– Да, помню, помню, говори быстрее, скоро они будут здесь.
– Там у меня чекан спрятан. Это такой инструмент, смесь топорика и кирки, только наконечник другой. Отдай его Иванычу, я у него брал, неудобно будет, если менты заберут. Решат, что это оружие, он очень похож, хотя это натуральный инструмент ремесленника. Чеканщика. Но при случае он может и оружием послужить. короче, надо его отдать Иванычу. Выручи, не поленись.
– Да ты о чем говоришь! – обиделся Смоленский. – Сегодня же все и сделаю. Еще что нужно, говори быстрее, они вот-вот поднимутся.
Олег замялся. Ему было неудобно, но ситуация была не такая, чтобы миндальничать.
– Мне нужно уходить отсюда, – сказал он в трубку. – Игорь, у тебя есть деньги? Свободные.

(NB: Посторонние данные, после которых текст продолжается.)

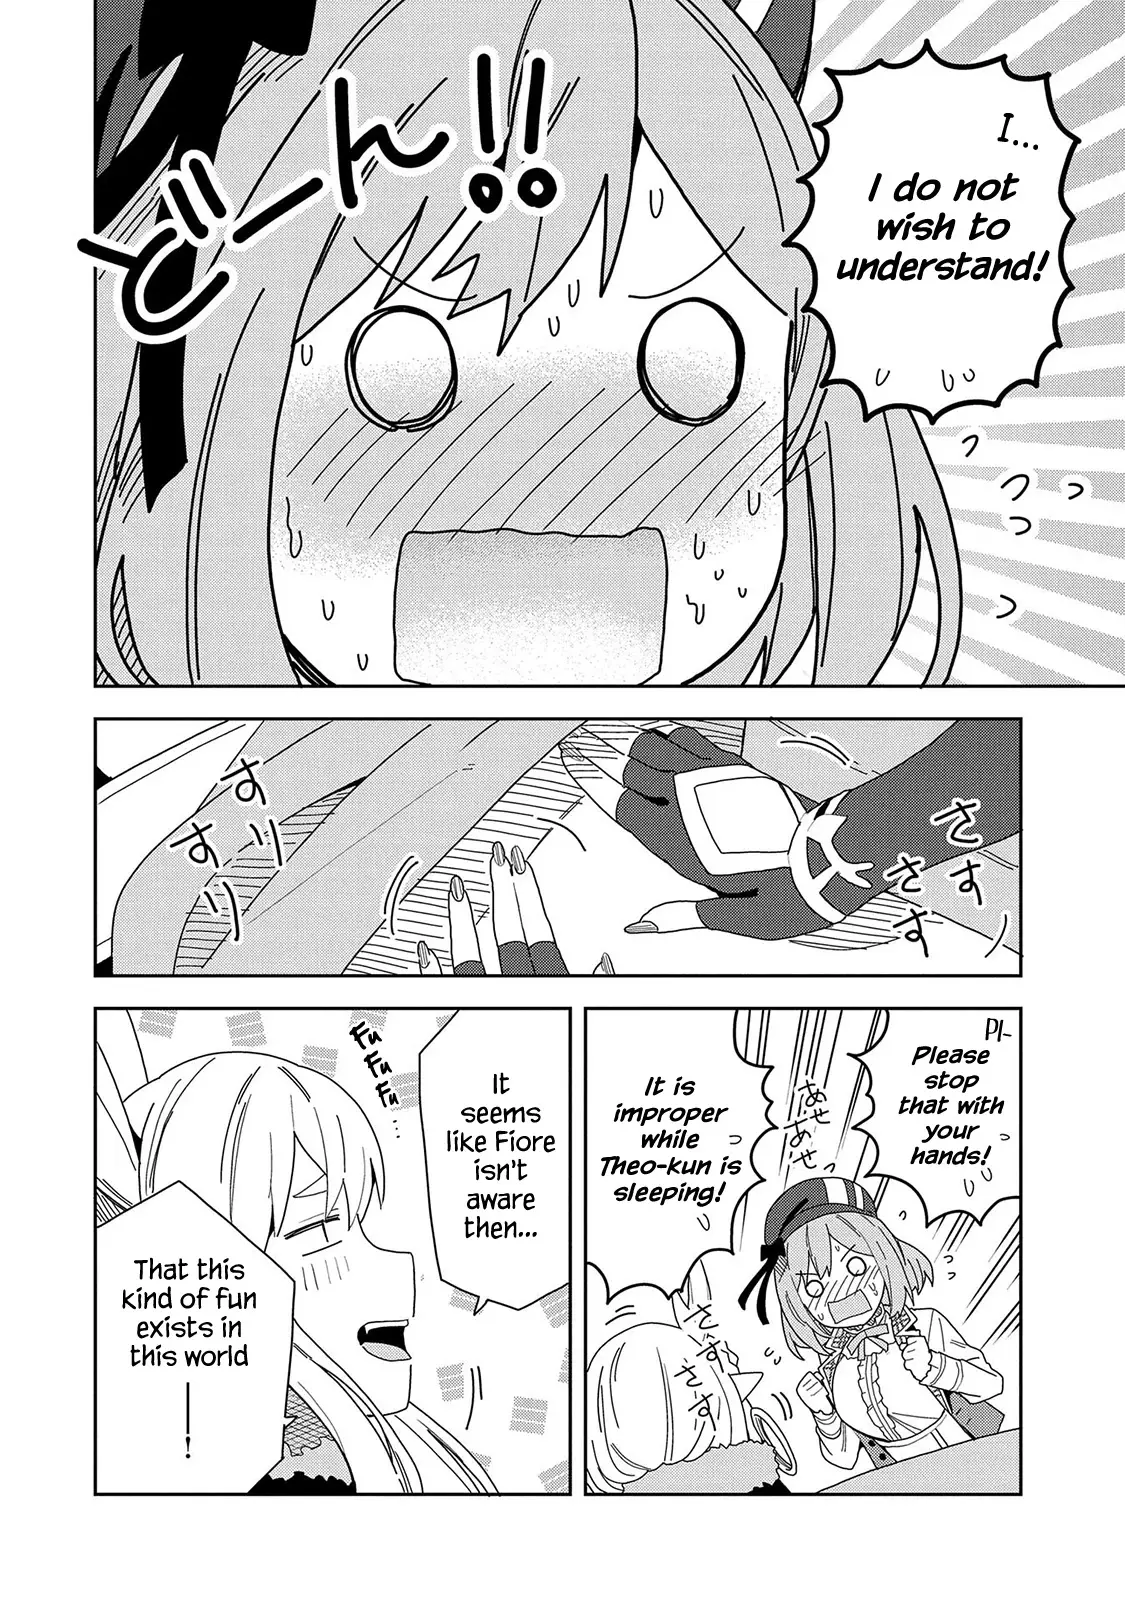 I Summoned The Devil To Grant Me A Wish, But I Married Her Instead Since She Was Adorable ~My New Devil Wife~ - 6 page 20

– Не поверишь, но не дам. При себе нет, да и следят за мной наверняка. Любой съем со счета тоже вызовет подозрения. Сделаем вот что, записывай телефон. – Смоленский продиктовал номер. – Это Жак. Скажешь, что от меня, он даст, я его предупрежу. Меня не ищи, наверняка прослушку установят. Связь будем держать через того же Жака. Все, держись и помни – мы в тебя верим…
В трубке раздались короткие гудки. Чернов медленно положил трубку. Ему ужасно не хотелось поднимать голову и встречаться глазами с девушкой.
– Олег, что все это значит? – спросила Илса. – Тебя обвиняют в убийстве?
– Илса, я не убивал, – севшим голосом произнес Олег. – Я не знаю, каким образом оказался здесь, у тебя, но понимаю, что не должен был приходить сюда! Я сейчас уйду.
– Никуда ты не уйдешь! – не громко, но твердо ответила Илса. – Это же самоубийство. В таком состоянии я тебя не отпущу. Но в то же время, я думаю, имею право знать, что все-таки происходит. И с чем нам придется столкнуться.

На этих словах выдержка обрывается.